#### Exercise goal
Should the listing contain images, exclude them; give the rest again exactly.

#### Available data
——————
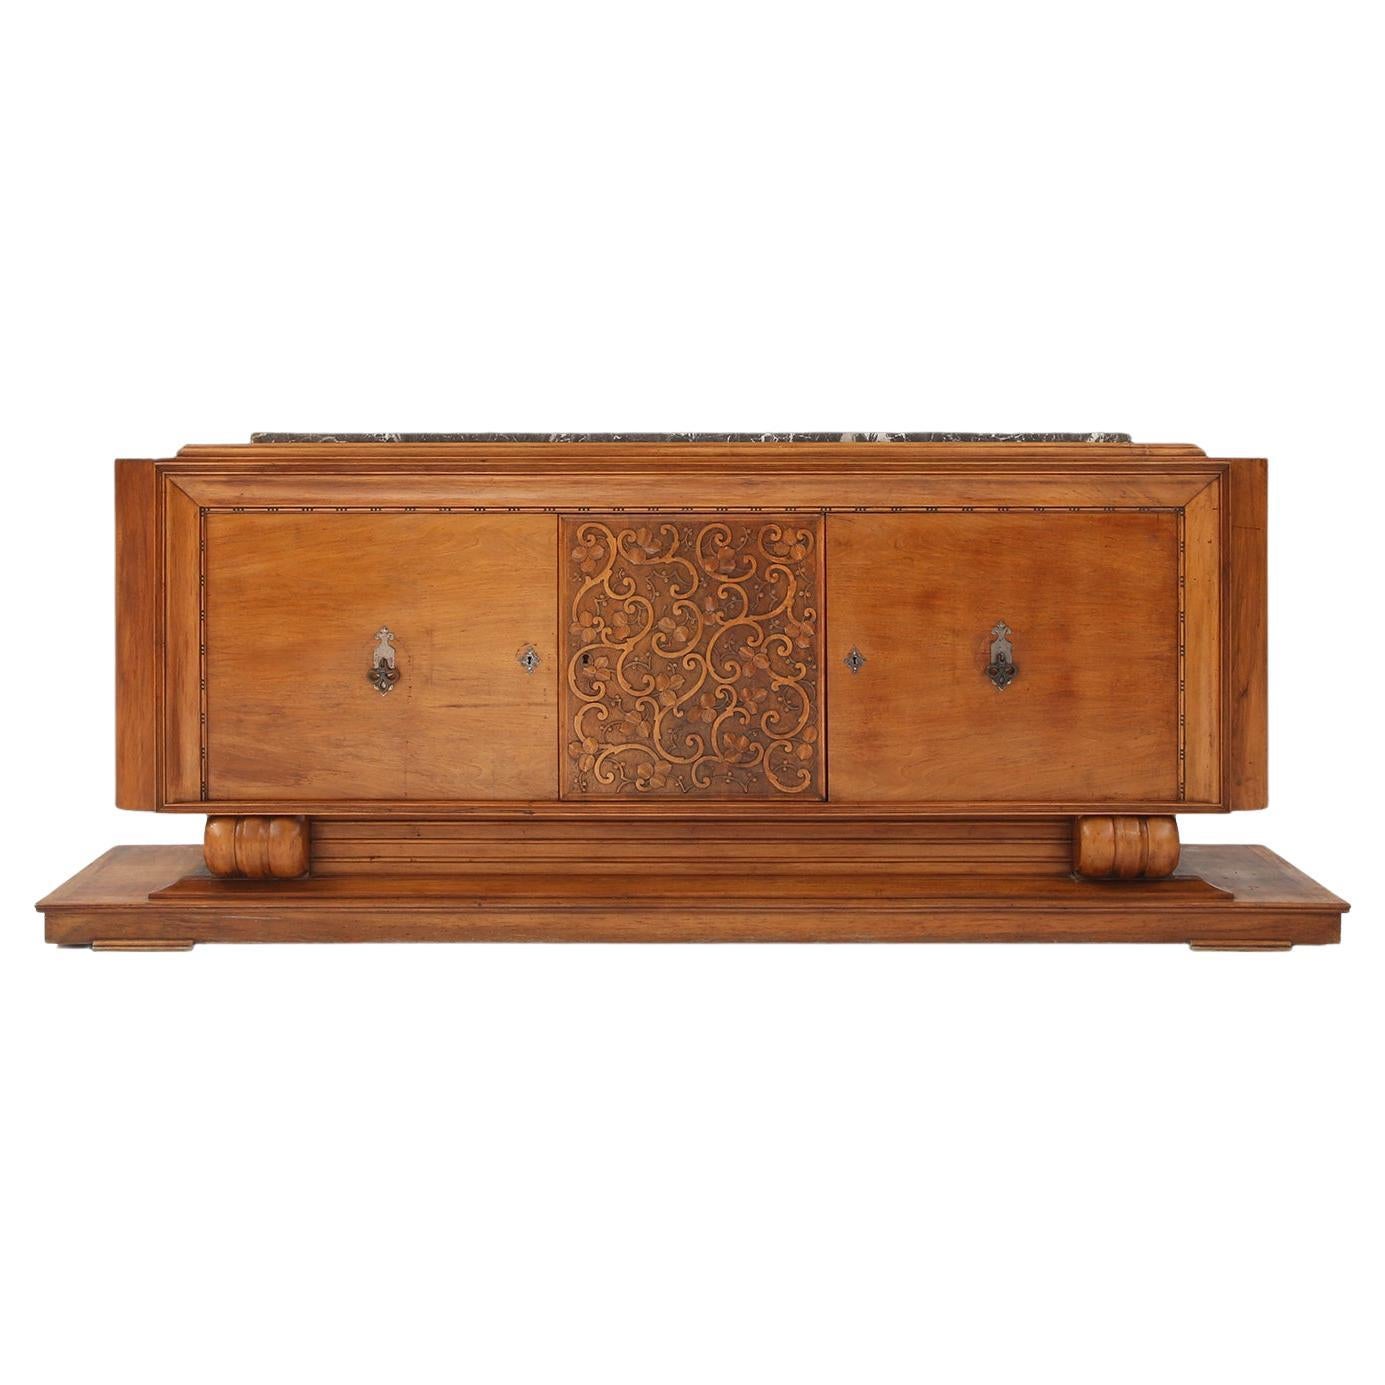 French Art Deco Sideboard in Oak with Grey Marble Top
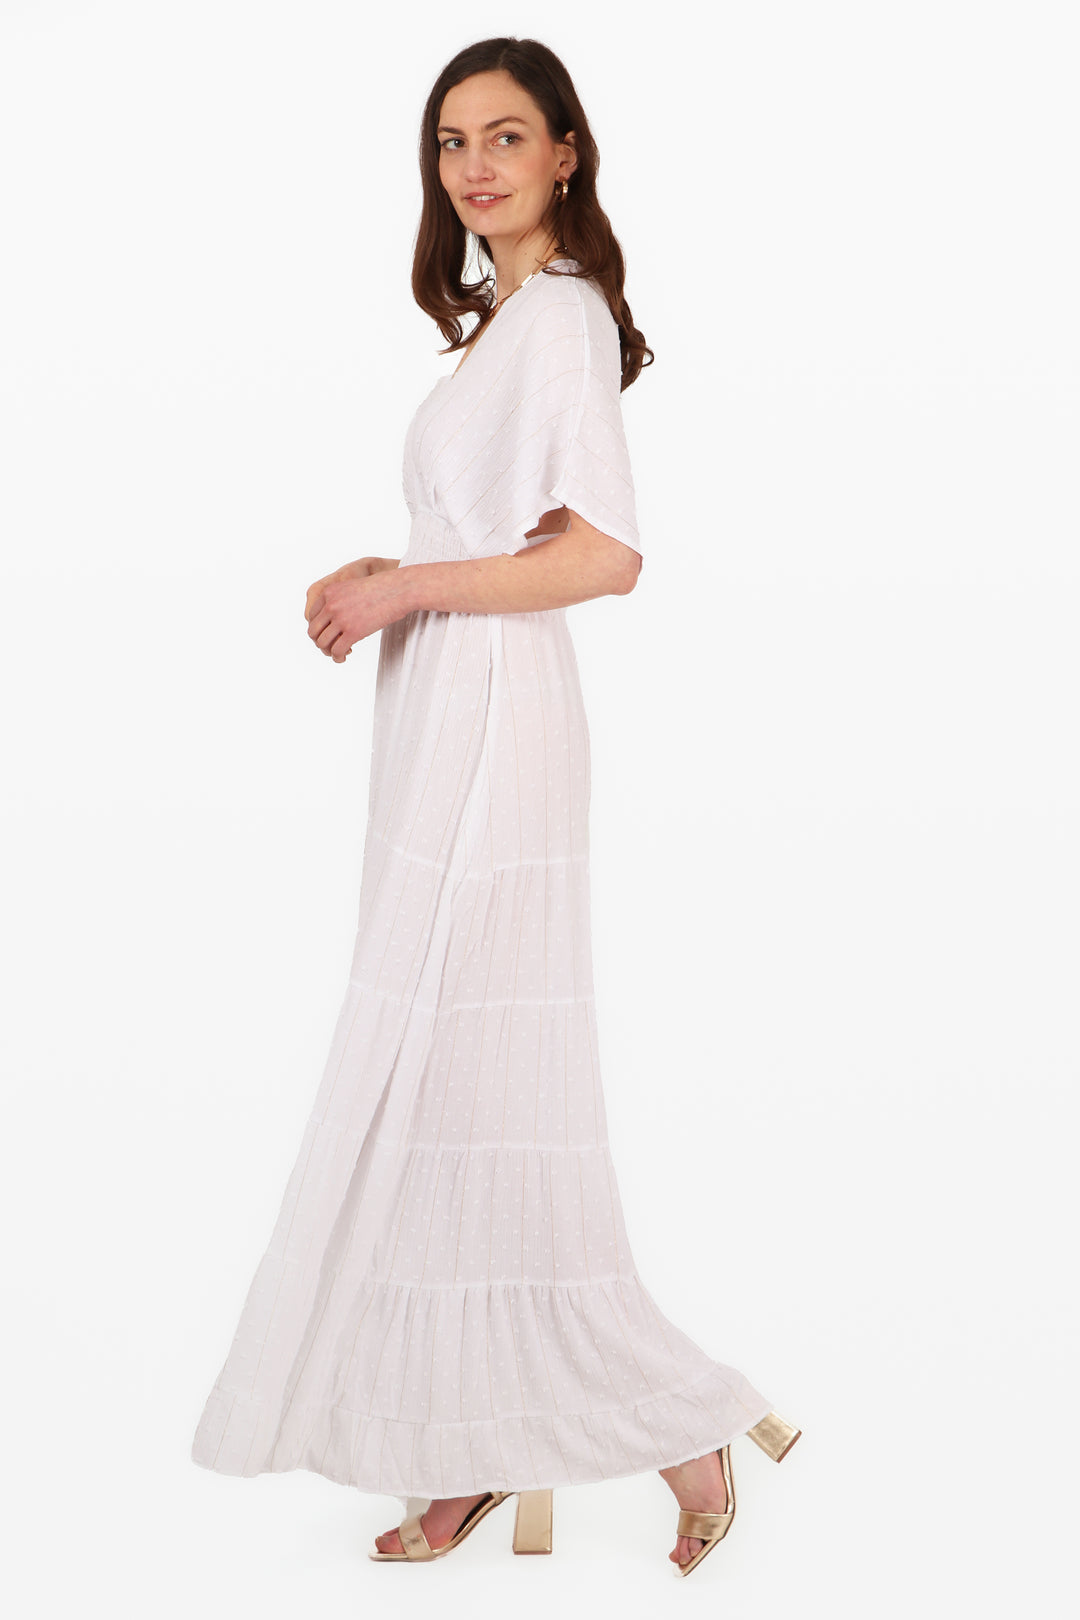 model wearing a white maxi length kaftan dress with a metallic gold foil stripe detail and dobby material
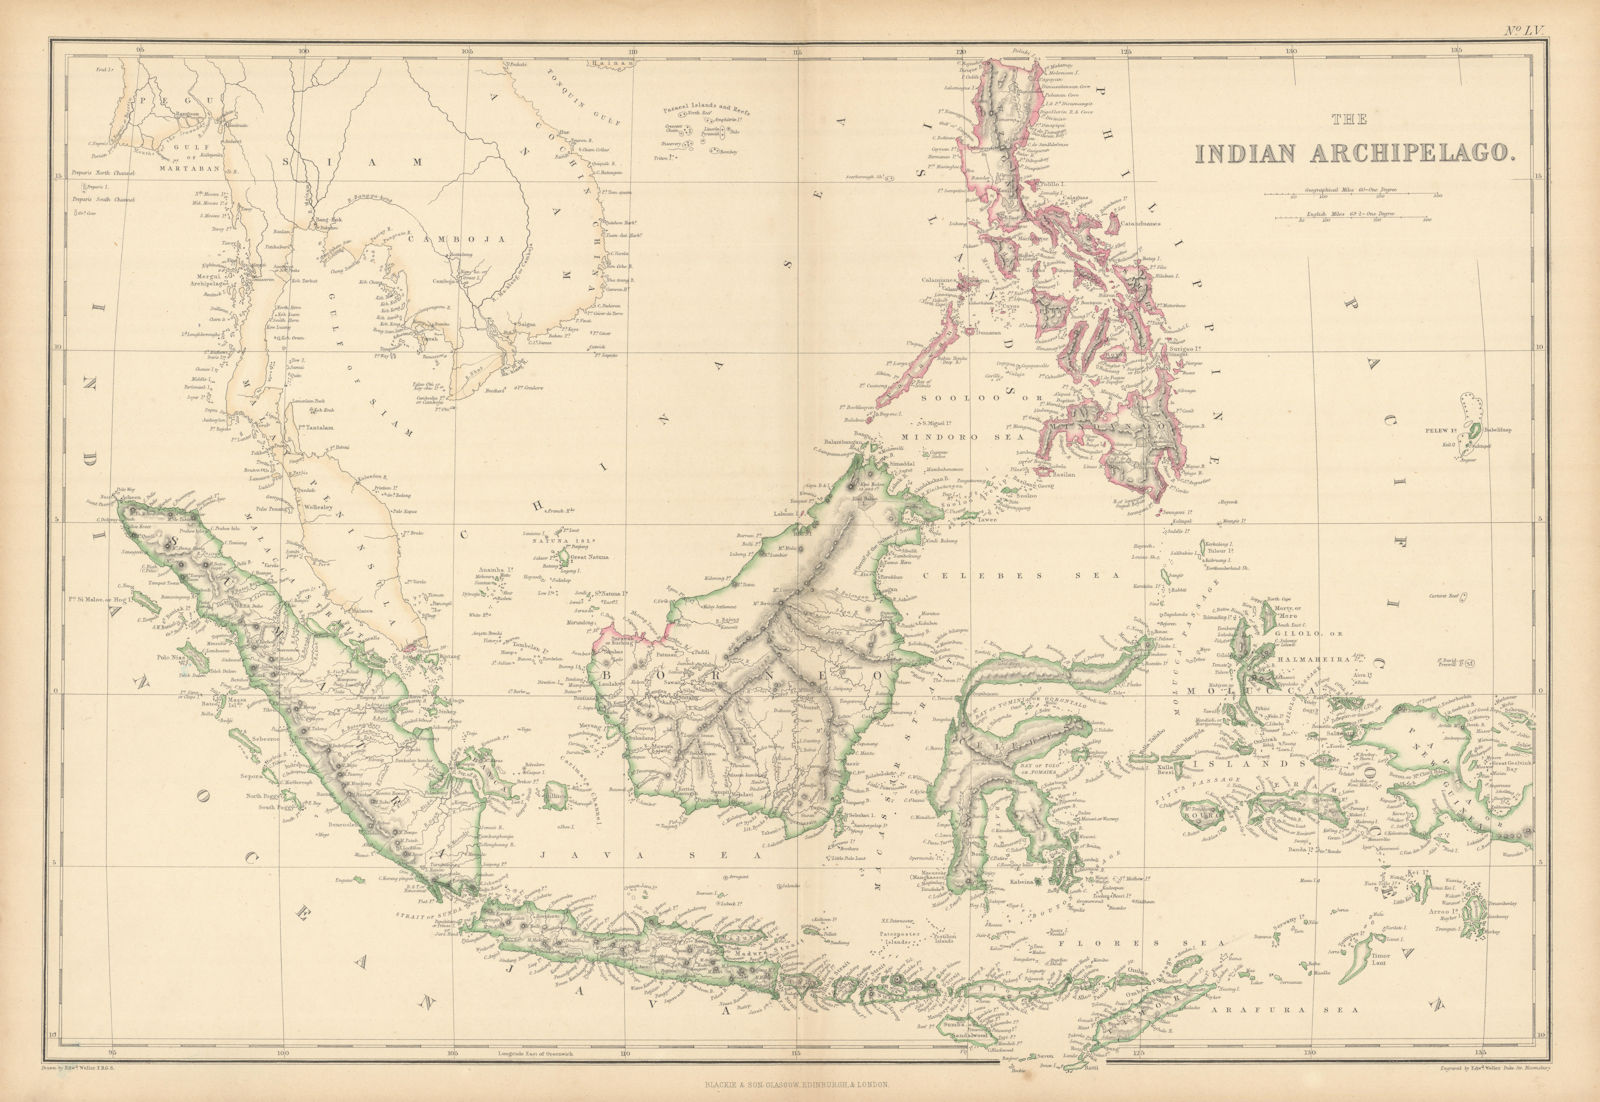 The Indian Archipelago. East Indies Indonesia Philippines. WELLER 1859 old map
——————
#### Answer to this exercise
 French Art Deco Sideboard in Oak with Grey Marble Top
 model wearing a white maxi length kaftan dress with a metallic gold foil stripe detail and dobby material
 The Indian Archipelago. East Indies Indonesia Philippines. WELLER 1859 old map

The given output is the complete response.